Nano enabled fertilizer commercial product – unveiling the mechanisms of toxicity in non-target soil invertebrate species – a high-throughput transcriptomics approach

Abstract

Nanoagrochemicals have the potential to increase agricultural productivity while being more environmentally friendly, compared to conventional agrochemicals. However, and given its early days, concerns regarding their risks to human health and environment remain to be investigated. New Approach Methodologies (NAMs) are on high demand, e.g. omics, allowing to move beyond standard hazards, providing insights into the mechanism of toxicity of chemicals. The toxicity of WELGRO®, a commercial nanoagrochemical, was studied in the non-target soil invertebrate Enchytraeus crypticus (Oligochaeta) but the mechanisms are unknown. The aim of the present study was to investigate the underlying mechanisms that lead to the toxicity of WELGRO®, this based on high-throughput transcriptomic analysis (4x44K microarray), measuring the Differentially Expressed Genes (DEGs). The animals were exposed in the natural soil LUFA 2.2, for 2 and 21 days, to control (un-spiked soil) plus 100-1000 mg WELGRO®/kg, the lower dose corresponding to realistic topsoil concentrations, based on the recommended application rates. Results showed that gene transcription was clearly time dependent.
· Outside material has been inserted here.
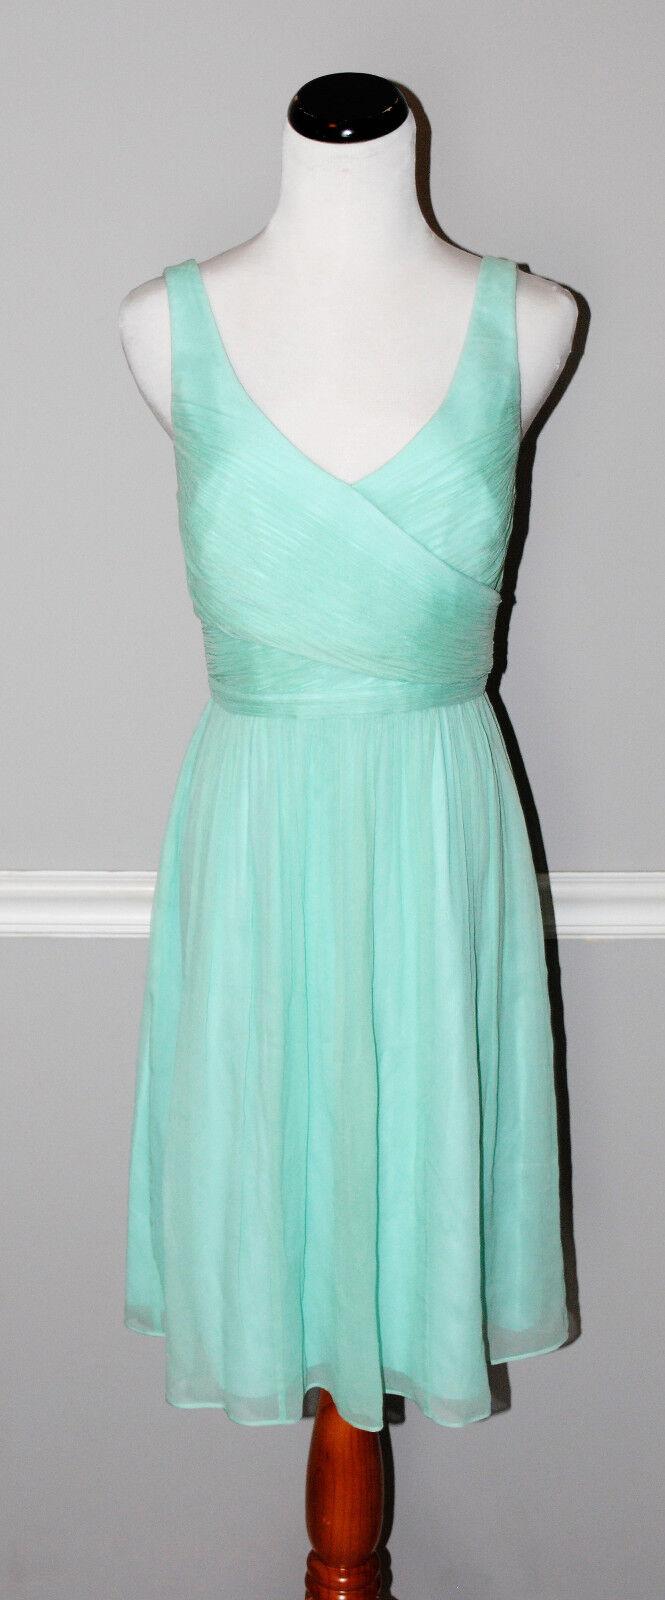 J.Crew Heidi Dress in Silk Chiffon #93100 Sleeveless Bright Seaside Aqua 6
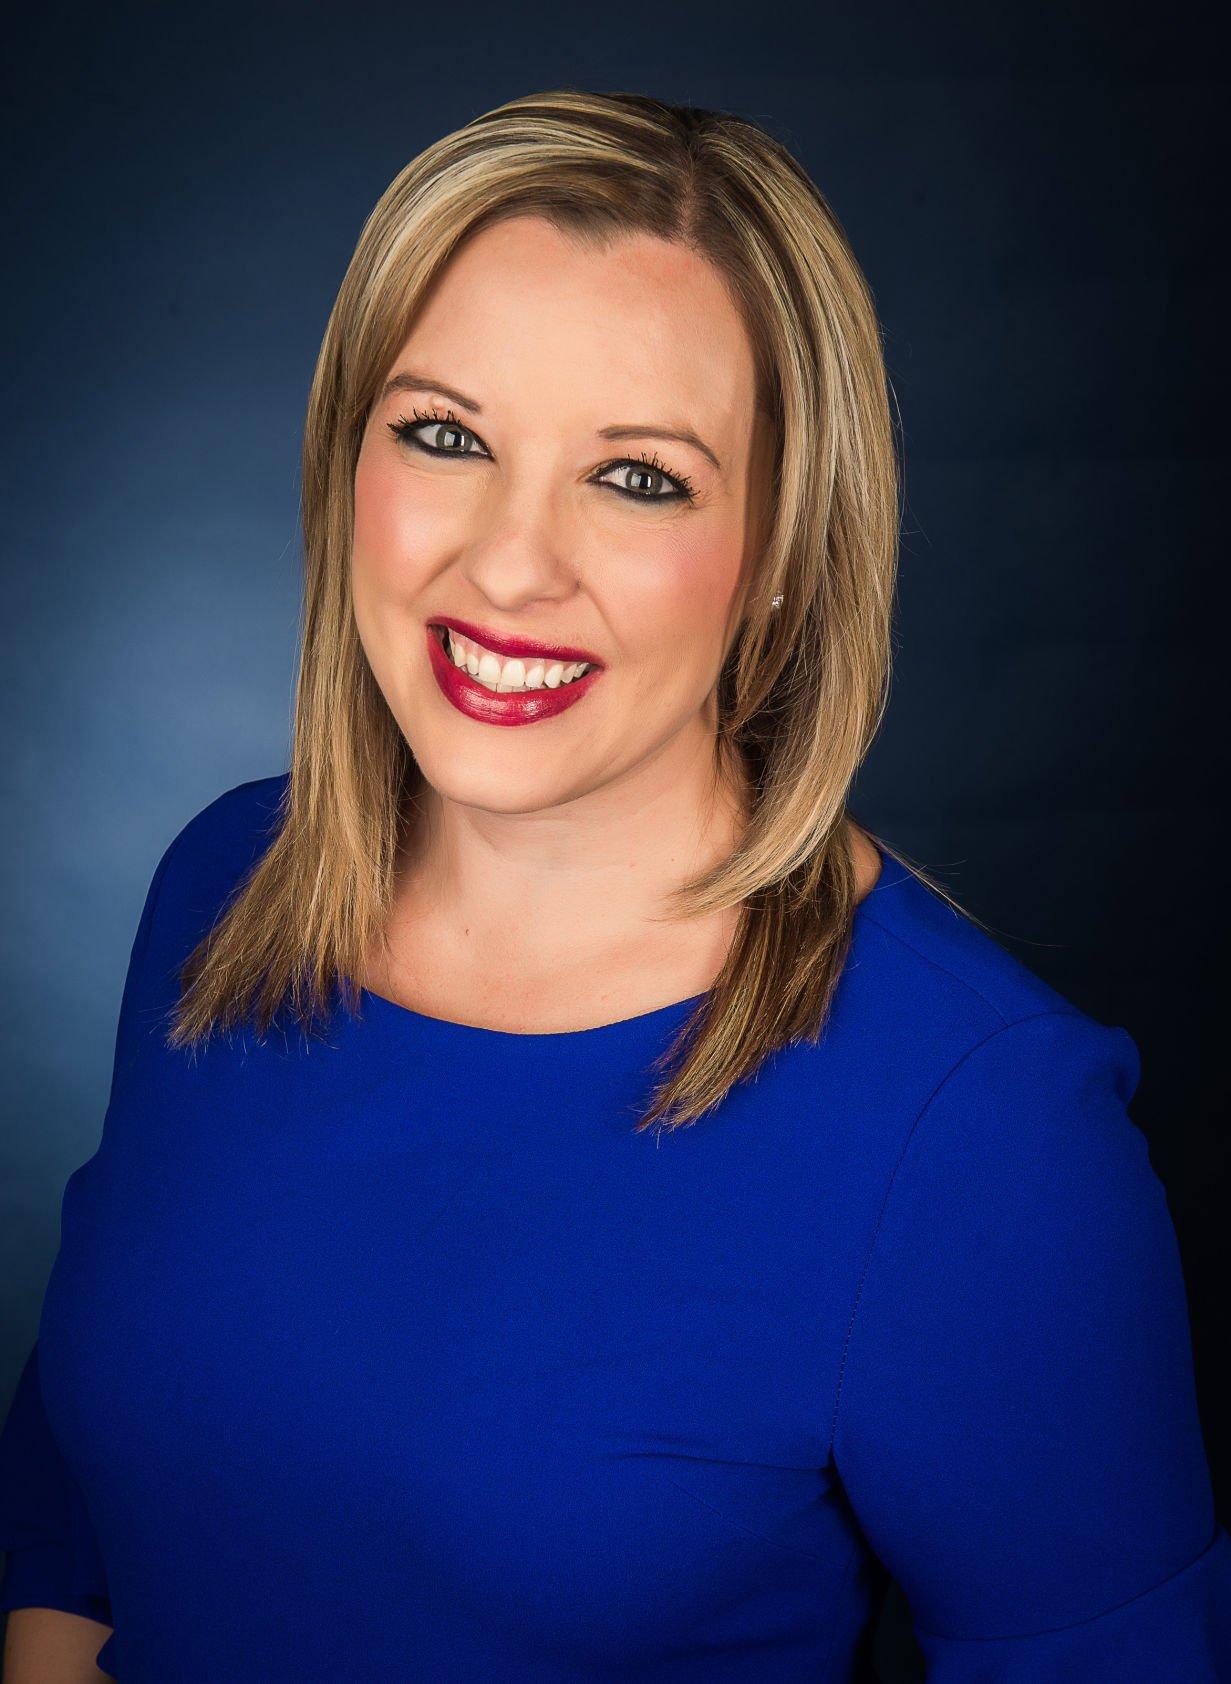 Katie Pelton

The impacts after immediate exposure (2d) were highest at lowest concentration while the opposite occurred for the longer exposure time (21d), at highest concentration. The main findings showed that, regardless of the exposure period, ABC transporters were shut down, leading to accumulation of waste products and further endoplasmic reticulum (ER) stress as a possible cause of toxicity. DNA damage seems to also occur as part of the impact. Immediate exposure (2 days) affected neurotoxicity related pathways, although probably a transient/ reverted impact, as this was no longer observed after 21 days. Indications are that WELGRO® is probably up-taken (at cellular level) by clathrin-mediated endocytosis – a nano-related pathway. This study provides the first insights into the mechanisms of toxicity of a commercially available nanoagrochemical, based on a realistic exposure scenario for a non-target species. Our findings support the principle that risk assessment of nanoagrochemicals should consider the nano-specific features of those products.